> _What you should do_: Pictures stay out; print the rest of the listing below exactly as it stands.

> _Exercise data_:

+-------+

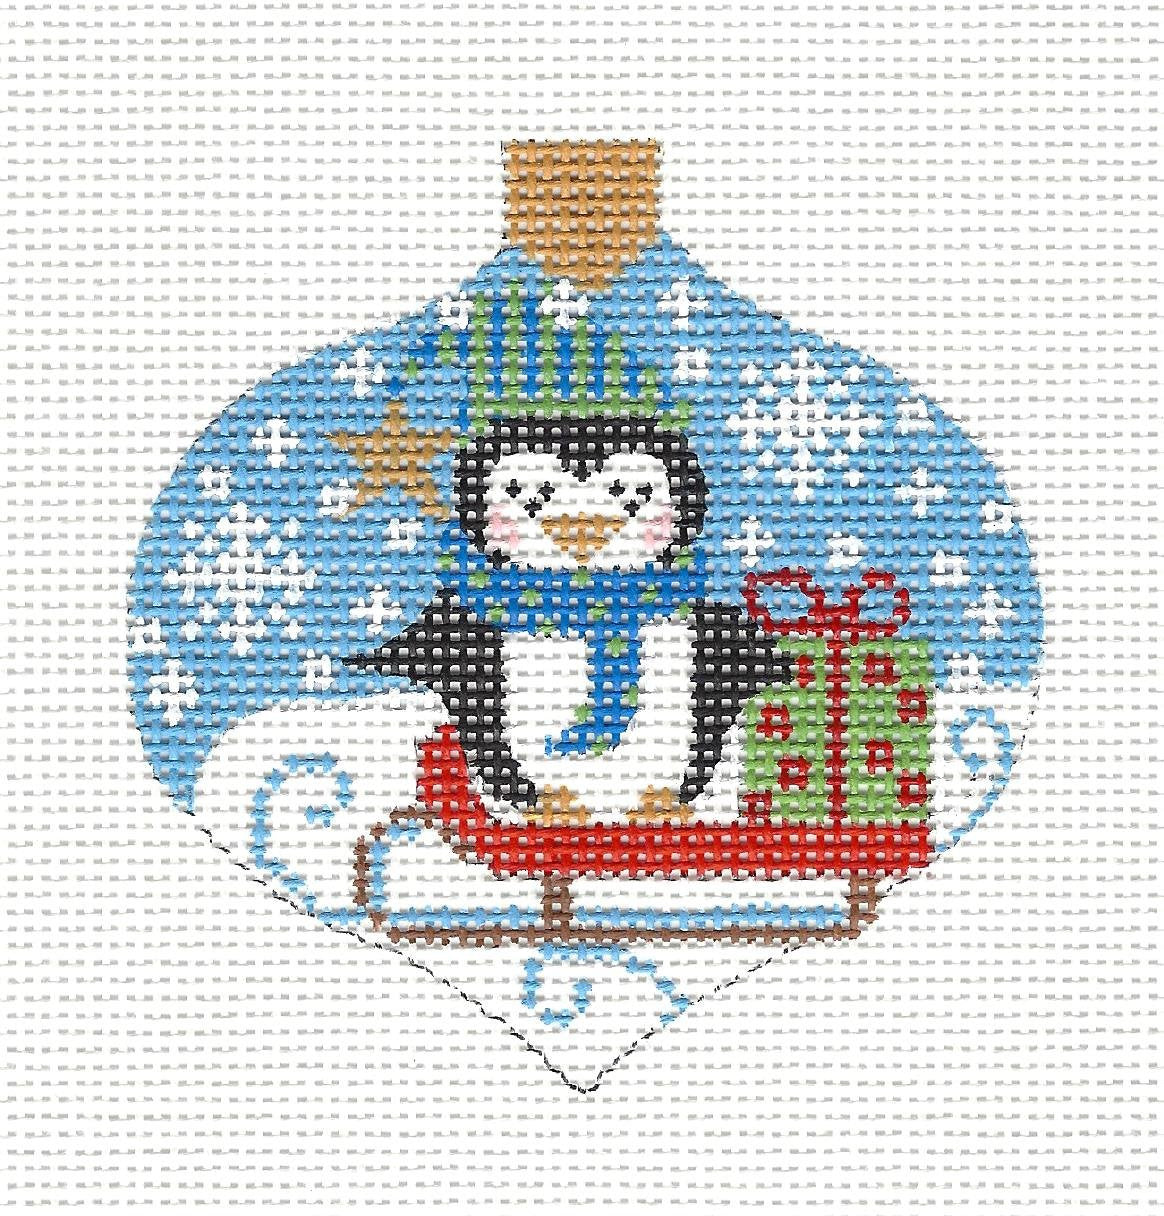 Bauble ~ Penguin on a Sled Ornament on handpainted Needlepoint Canvas by CH Designs
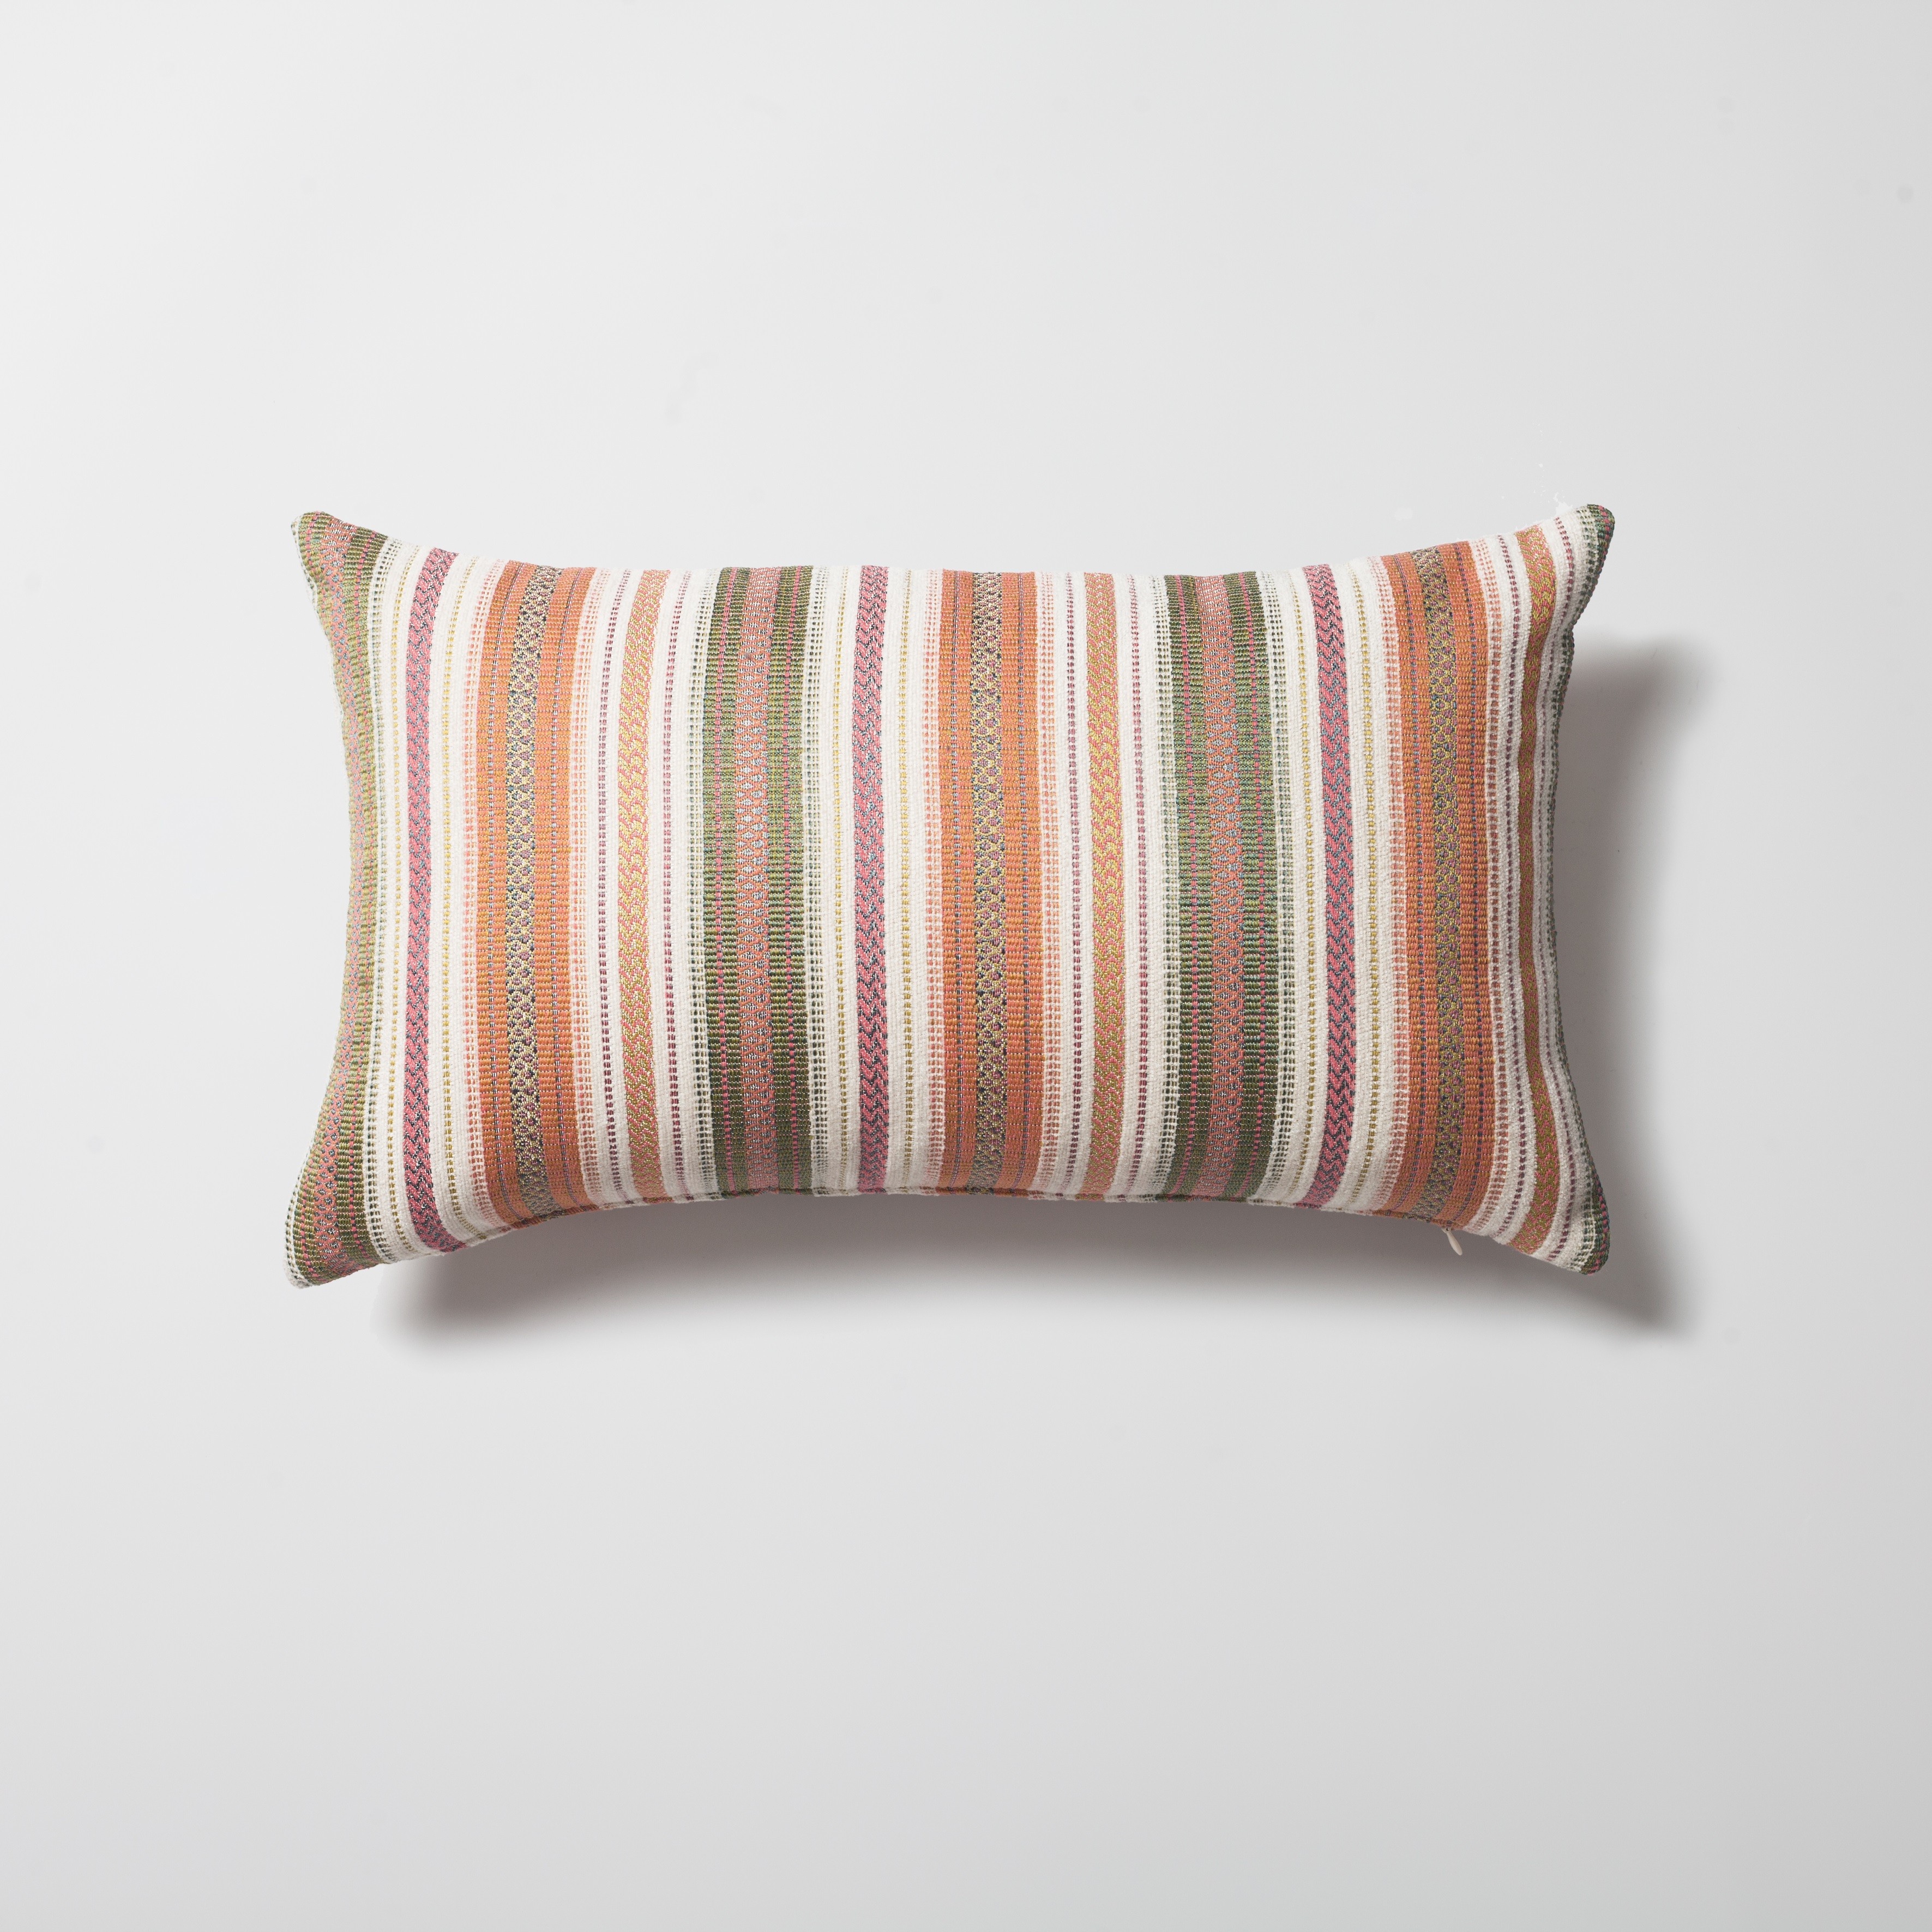 "Boho" - Striped Ethnic Motif Patterned Cushion 12x20 Inch - Orange (Cover Only)
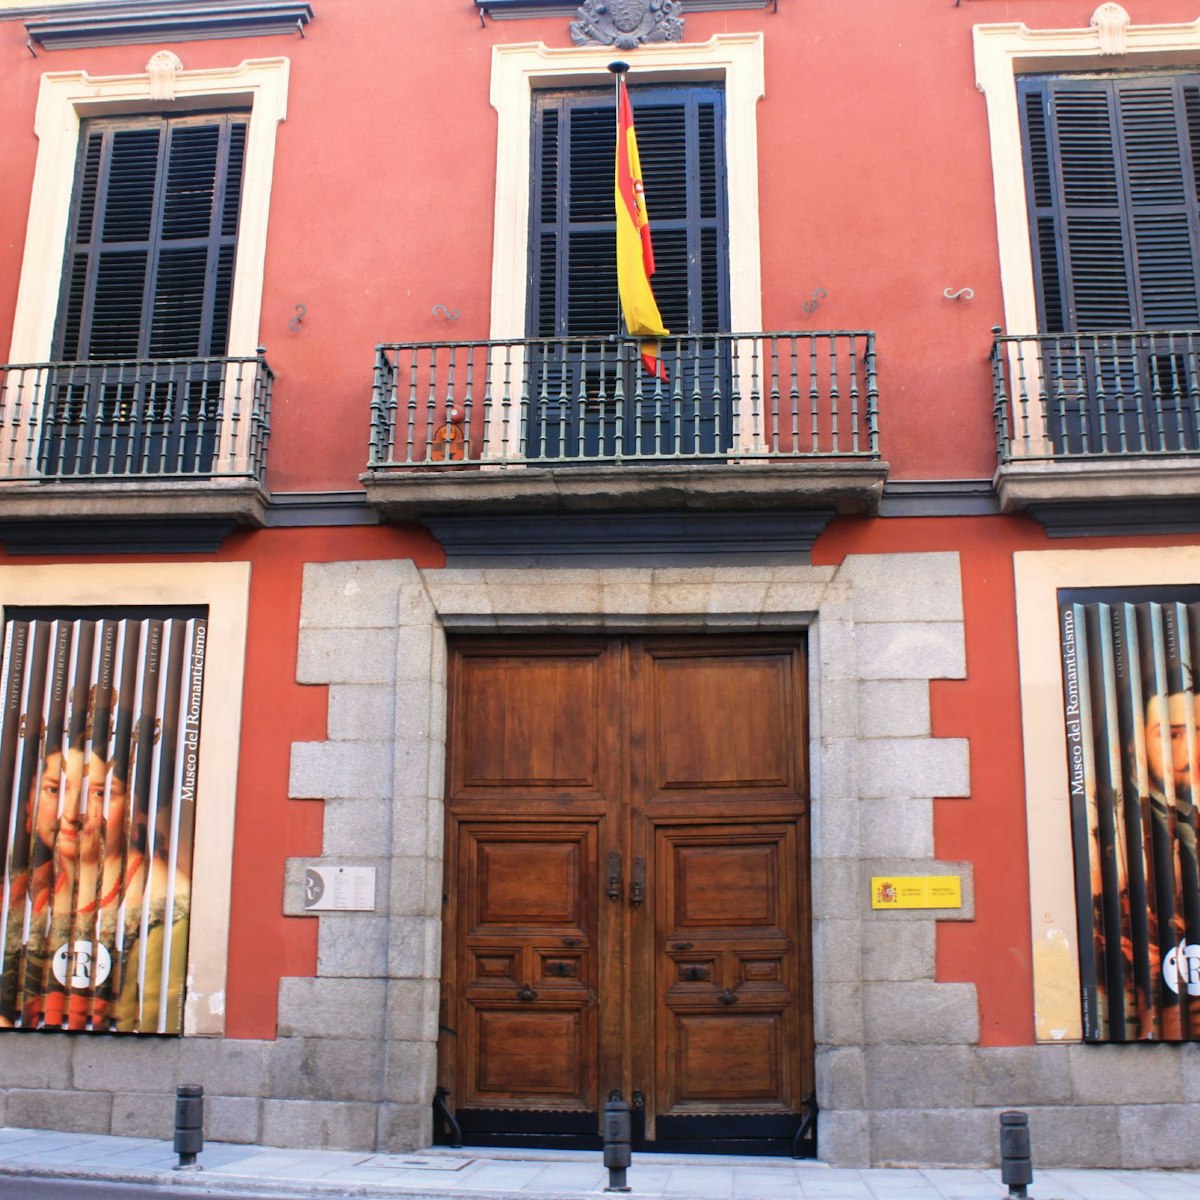 The Spanish flag flies outside of the Museo del Romanticismo.

+-------+

> _Task response_:
 Bauble ~ Penguin on a Sled Ornament on handpainted Needlepoint Canvas by CH Designs
 "Boho" - Striped Ethnic Motif Patterned Cushion 12x20 Inch - Orange (Cover Only)
 The Spanish flag flies outside of the Museo del Romanticismo.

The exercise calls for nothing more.